Fennel – Cultivation, Macroscopic, and More

Fennel is a flowering plant species in the carrot family. It is a hardy, perennial herb with yellow flowers and feathery leaves. It is indigenous to the shores of the Mediterranean but has become widely naturalized in many parts of the world, especially on dry soils near the sea coast and on riverbanks.

  • Synonyms: Foeniculum species, Saunf, Fennel fruits.
  • Biological source: It consists of dried ripe fruits obtained from the cultivation of Foeniculum vulgare Miller.
  • Family: Umbelliferae.
  • Geographical source: Fennel is native of Mediterranean countries. It is cultivated in Romania, Russia, Germany, France, Japan, and India. In India, it is cultivated in many states like Gujarat, Maharashtra, Punjab, Rajasthan, Uttar Pradesh, and West Bengal.

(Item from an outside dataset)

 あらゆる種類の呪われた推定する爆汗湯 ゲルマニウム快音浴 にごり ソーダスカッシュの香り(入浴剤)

Cultivation and Collection Fennel

The cultivation is mainly done by the dibbling method. The good quality fruits are sown in just before the spring season. Four or five seeds are put into holes by keeping a distance of 25 cm in between two holes. The specific arrangement of leaves (umbel inflorescence) and free branching of herb require enough space between two plants and rows. The seeds are sown in well-drained calcareous soil on sunny days. The crop should be provided with suitable fertilizers. The crop is kept free from weeds by the use of weedicide. When the crop ripens, it is harvested and sun-dried. After drying, the fruits are separated by thrashing. Gujarat is the only state which supplies nearly 90 percent of fennel demand in the market.

Fennel plant and its fruits
Fig.1: Fennel plant and its fruits

Macroscopic Characters of Fennel

  • Colour: Green to yellow-brown.
  • Odour: Sweet, aromatic.
  • Taste: Aromatic and slightly sweetish. Size: Length 5 to 10 mm and width 2 to 4 mm.
  • Shape: Straight or slightly curved, cremocarpus fruit, glabrous, straight with 5 primary ridges and bifid stylopod.

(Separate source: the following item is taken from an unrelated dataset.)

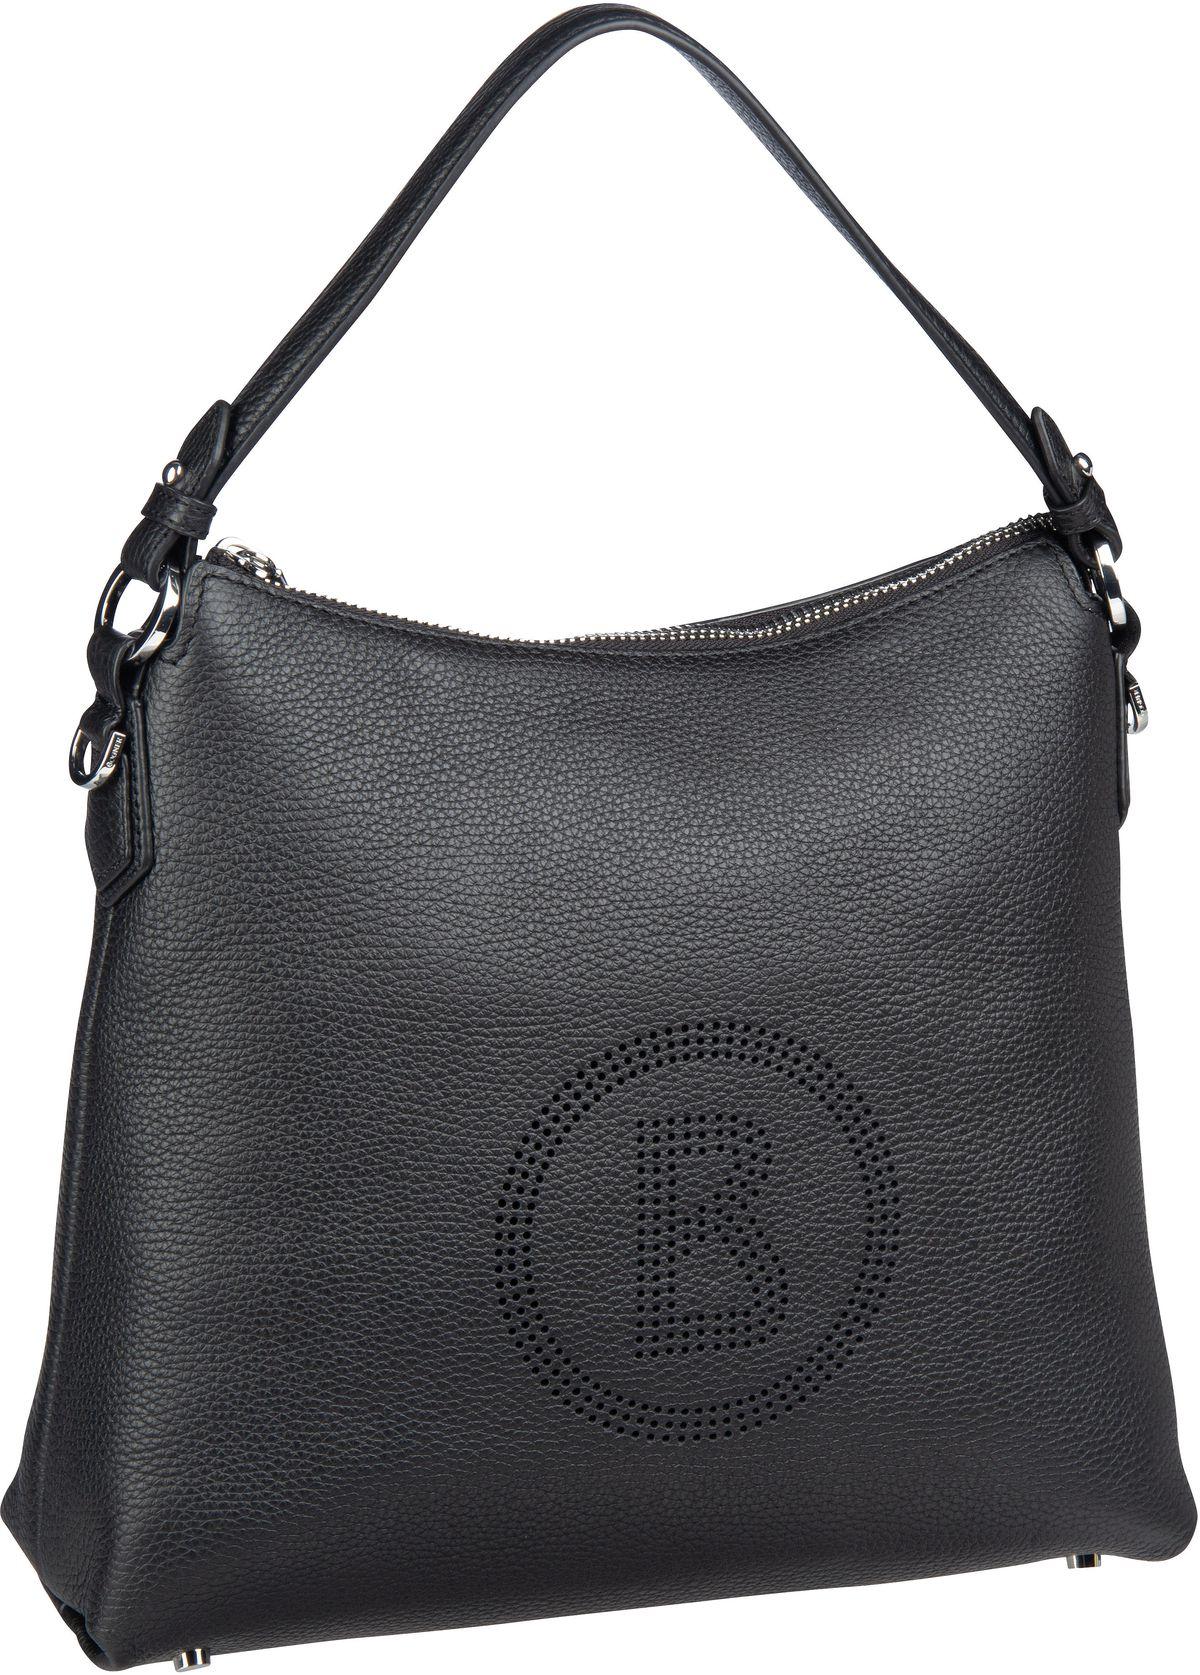 Handtasche Sulden Marie Hobo MVZ Black

Extra characters- Transverse section shows 2 commissural vittae and 4 dorsal vittae. Fennel oil is pale yellow with specific gravity 0.953 to 0.973, the refractive index of 1.526 to 1.538 and optical rotation of +12° to +24°.

Chemical Constituents of Fennel

It contains volatile oil (3 to 7 percent), protein (20 percent) and fixed oil. The volatile oil contains nearly 20 percent fenchone (ketone) and phenolic ether anethole (about 50 percent). The other constituents are limonene, phellandrene, anisic aldehyde and methyl chavicol. Fenchone possess an aromatic odour and is a colourless pungent liquid whereas anethole is sweet in taste and smell.

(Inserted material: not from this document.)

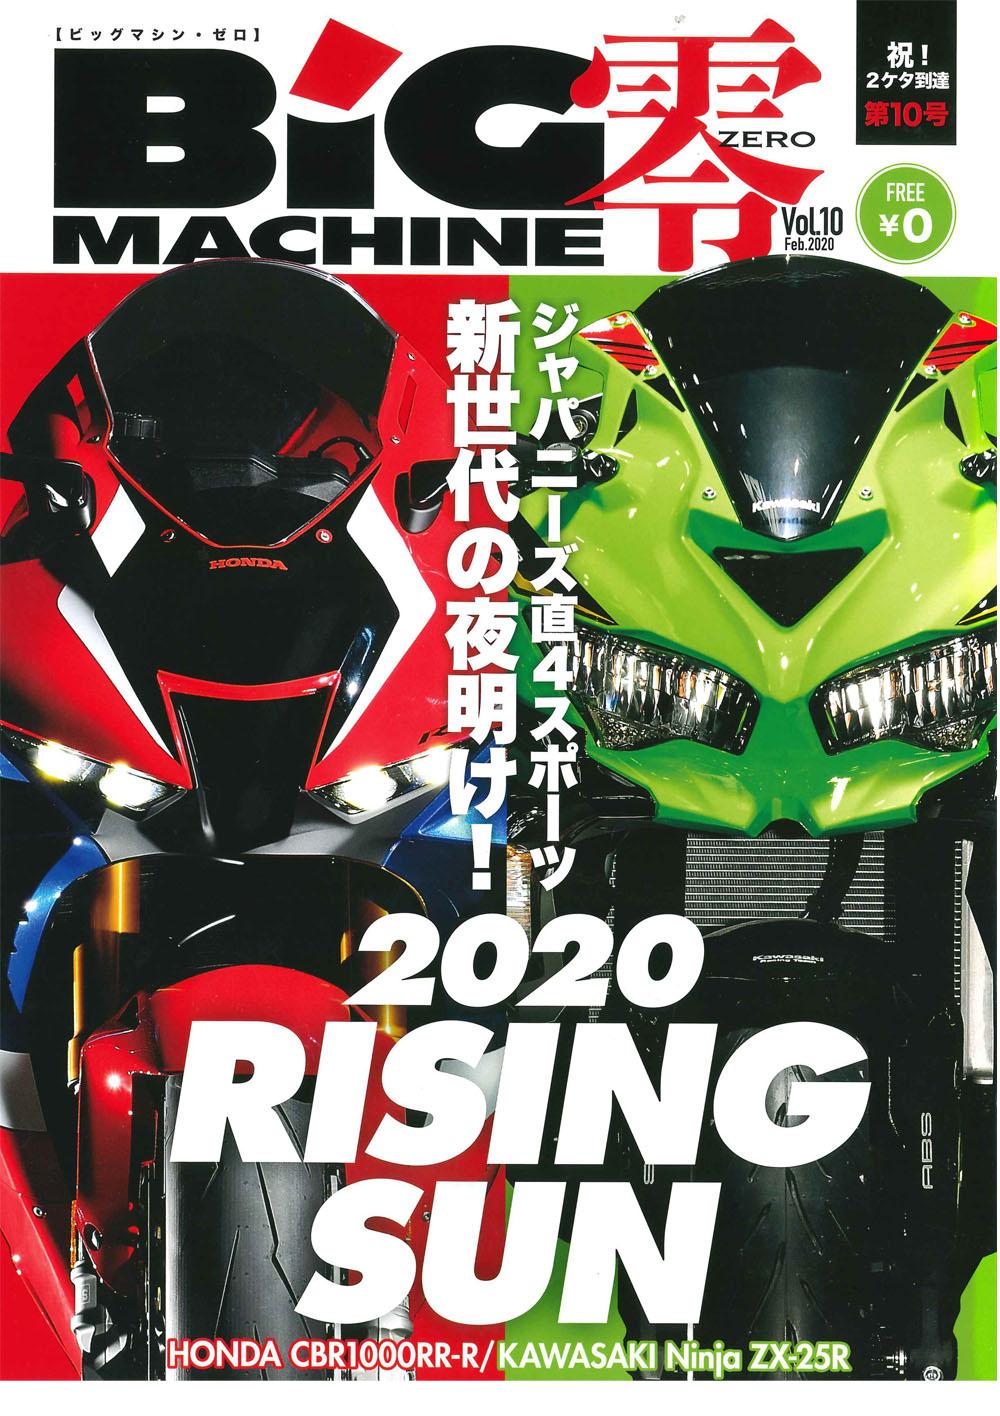 【ビッグマシン・ゼロ Vol.10掲載 】 新商品『B+COM ONE』プレミアムスタンダード

Sweet fennel oil contains 80 percent or more of E-anethole, 1 to 5 percent methyl chavicol (estragole) and less than 5 percent (+) fenchone. Fennel fruits also contain furanocoumarins including bergapten, imperatorin and xanthotoxol.

Bitter fennel oil contains 50 to 80 percent E- anethole, 3 to 20 percent estragole and up to 25 percent (+) fenchone.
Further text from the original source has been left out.